Before the sun could even warm the earth, warm me, blue grey gave way to grey, like the whole of Lee's army taking on the battle between dusk and dawn.  The blood-red of the sunrise seeps into the earth until the world goes suddenly and softly grey again.  The clouds mourn and the birds sound an echo of taps up in the trees, as I sit and remember a battle of my own, tracing invisible scars of it upon soft skin.

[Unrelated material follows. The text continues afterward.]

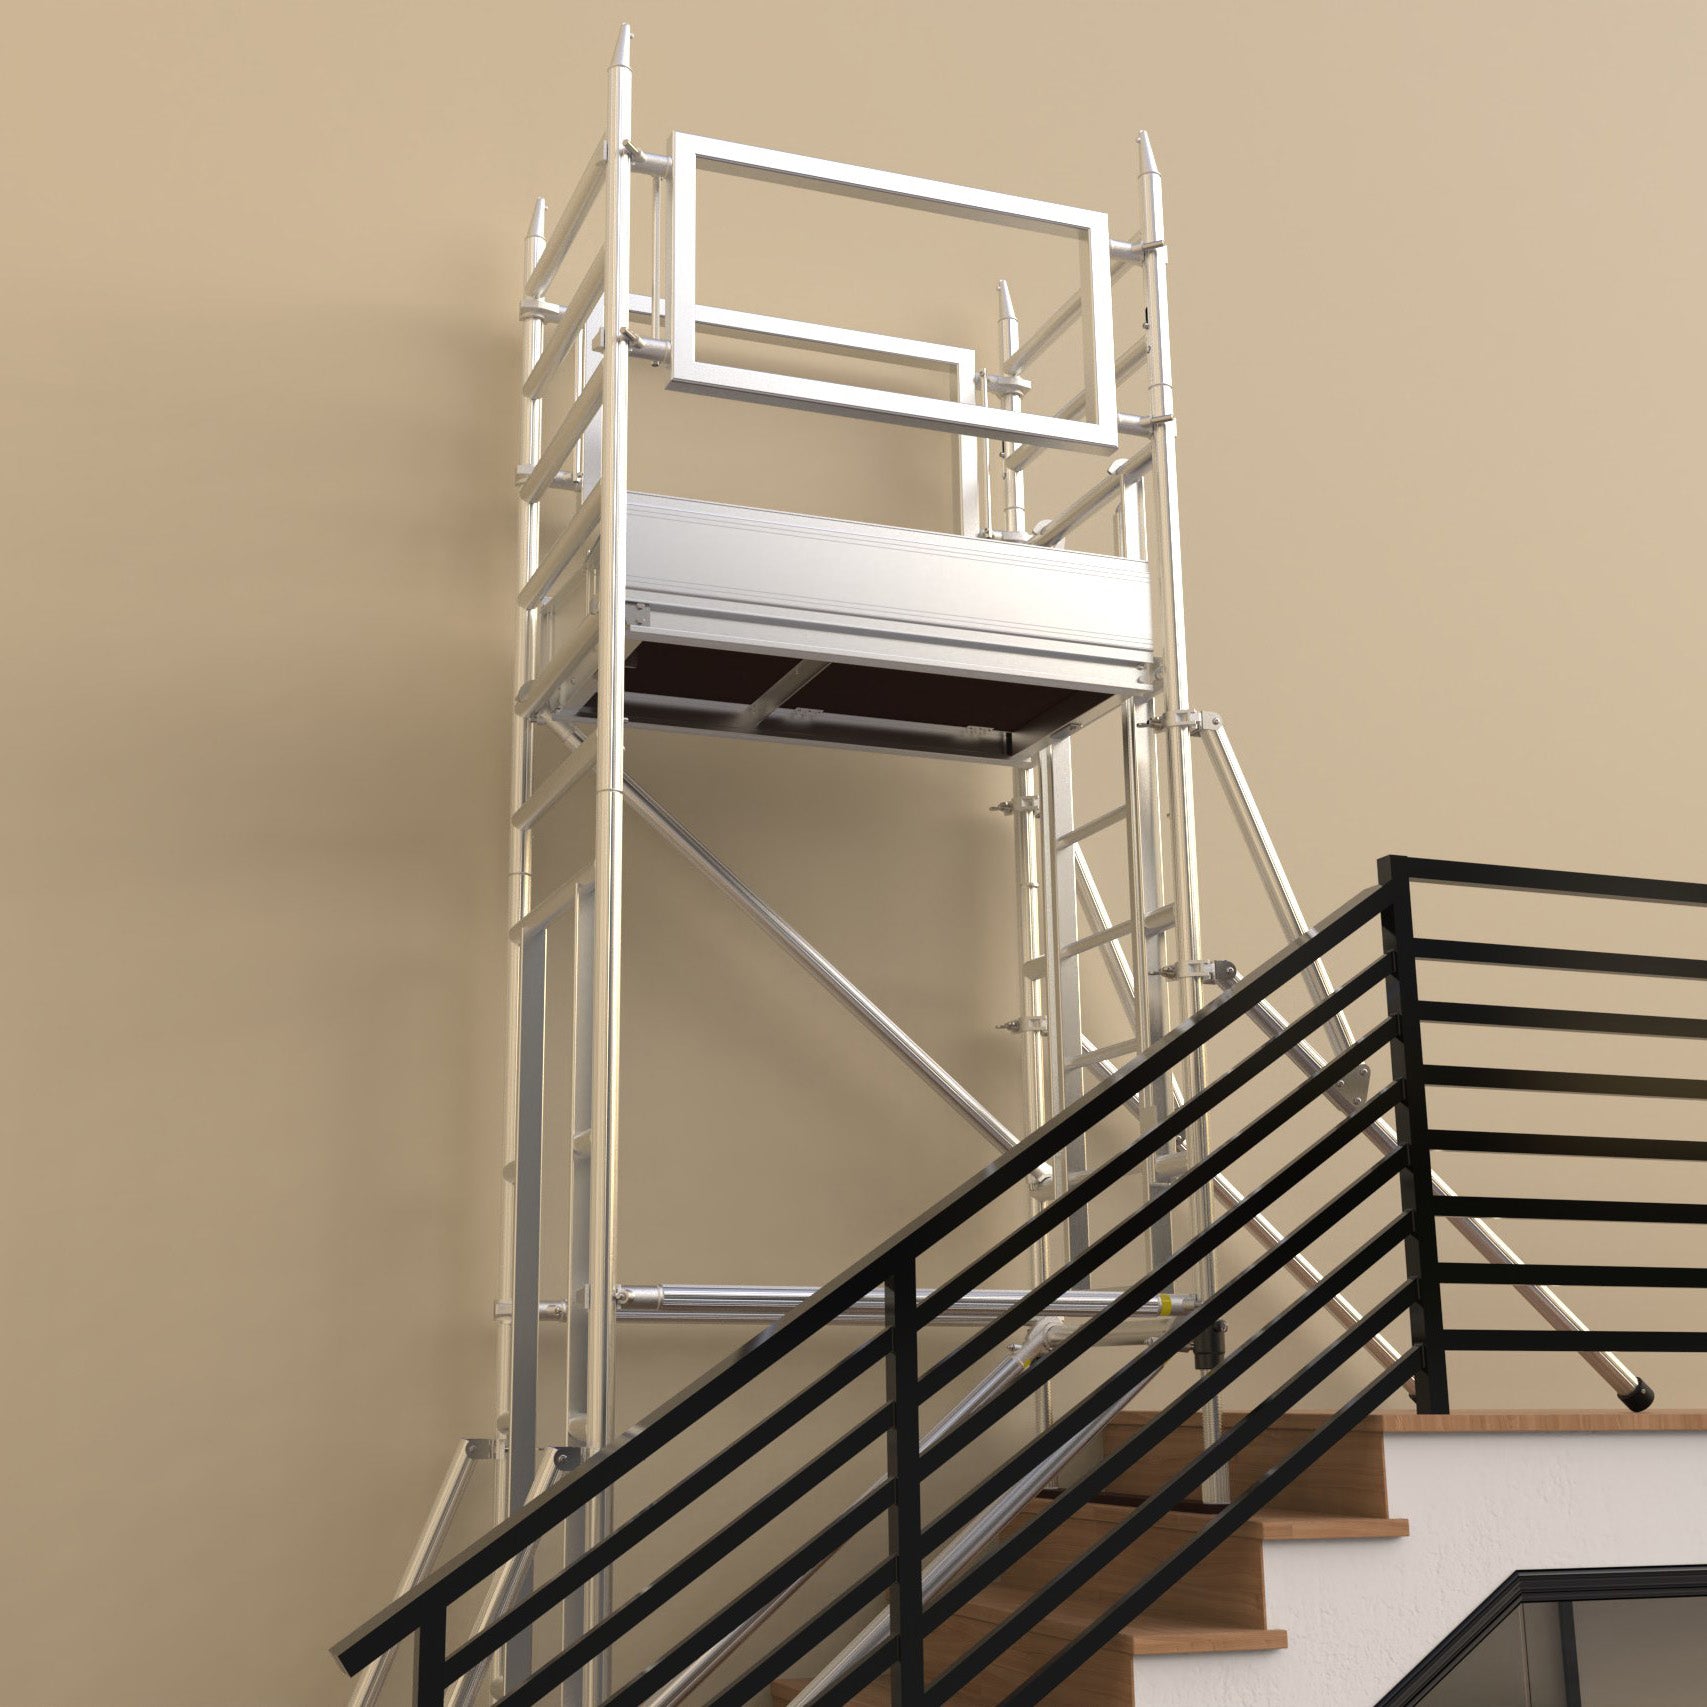 An image showing the Alto Stairwell Pro Tower on a staircase

Looking around, there in another section of the paint store are the blues and greys.
In the Spring of my childhood, after the winter cold and snow had retreated, Mom and I would head outdoors, just the two of us, along the shores of local bodies of water, looking for stones that may not have been unearthed for years, abundant and embedded in earth and sand. They're quiet treasures on the shores of the West, wind-swept lands riddled with unclaimed treasures that people simply pass and forget, not knowing what they have underneath their feet. Beneath this great land lies the jeweled richness of stone and prehistoric bones, telling tales as they surface, dotting the future with pieces of the past.

Some stones are so tiny as to be little bearings of smoothness, the size of a small bird's egg. Others take both hands to hold. My Mom, too, was fascinated by stones, and we'd search through the grey and dark, cold surfaces, looking for the one that'd break open into the glorious color of a gemstone. Rich colors forged in heat and fire and fate. We'd hunt down an agate, and knowing what we'd find inside, we'd smile.

In native Indian culture, agates were believed to cure the stings of scorpions and the bites of snakes, soothe the mind, prevent contagion, still thunder and lightning, promote eloquence, secure the favor of the powerful, and bring victory over enemies. In this agate, Mom might not find a cure for the stinging bite of what she has within her that was too soon to take her life, but in it she found strength and beauty, swirling colors of joy in that moment, something to sooth the thunder that rolled through her in dark frightened moments.

She hand-picked them and cataloged them by color and origin. I happily worked with her, capturing the deep energy of the earth, which grounded her to us.

Then, there are the reds, the color that is the crowning head of birth, the liquid grace in a gold chalice. It is color, that like blood, has as many variances as the way it can be spilled, there in a flash of light, a burning, a blow, one instant of sublimation, then darkness again. It is the color of the senses, the depth of rose, the scent of meat, the taste of a lover's whisper, a torrent of red wine, of desire and loss.

Red is also the color of warning, the flash of a light at the approach end of the runway that tells you if you are too high or too low. Such lights glare with luminous boding of the nearness of earth, the red and white lights that slide across the night itself, speaking aloud with silent sound to eyes that sometimes see what the soul cannot.
You took in those colors and process them with a quick movement of hands, as your aircraft bears down upon the earth, holding in check, the vast mass of weight and gravity as long as you can, until the engines pant as if breathless, the power brought back in the last second as the wheels kiss the pavement.  Sometimes, at that point, you are breathless yourself, as the white centerline lights lead you gently in.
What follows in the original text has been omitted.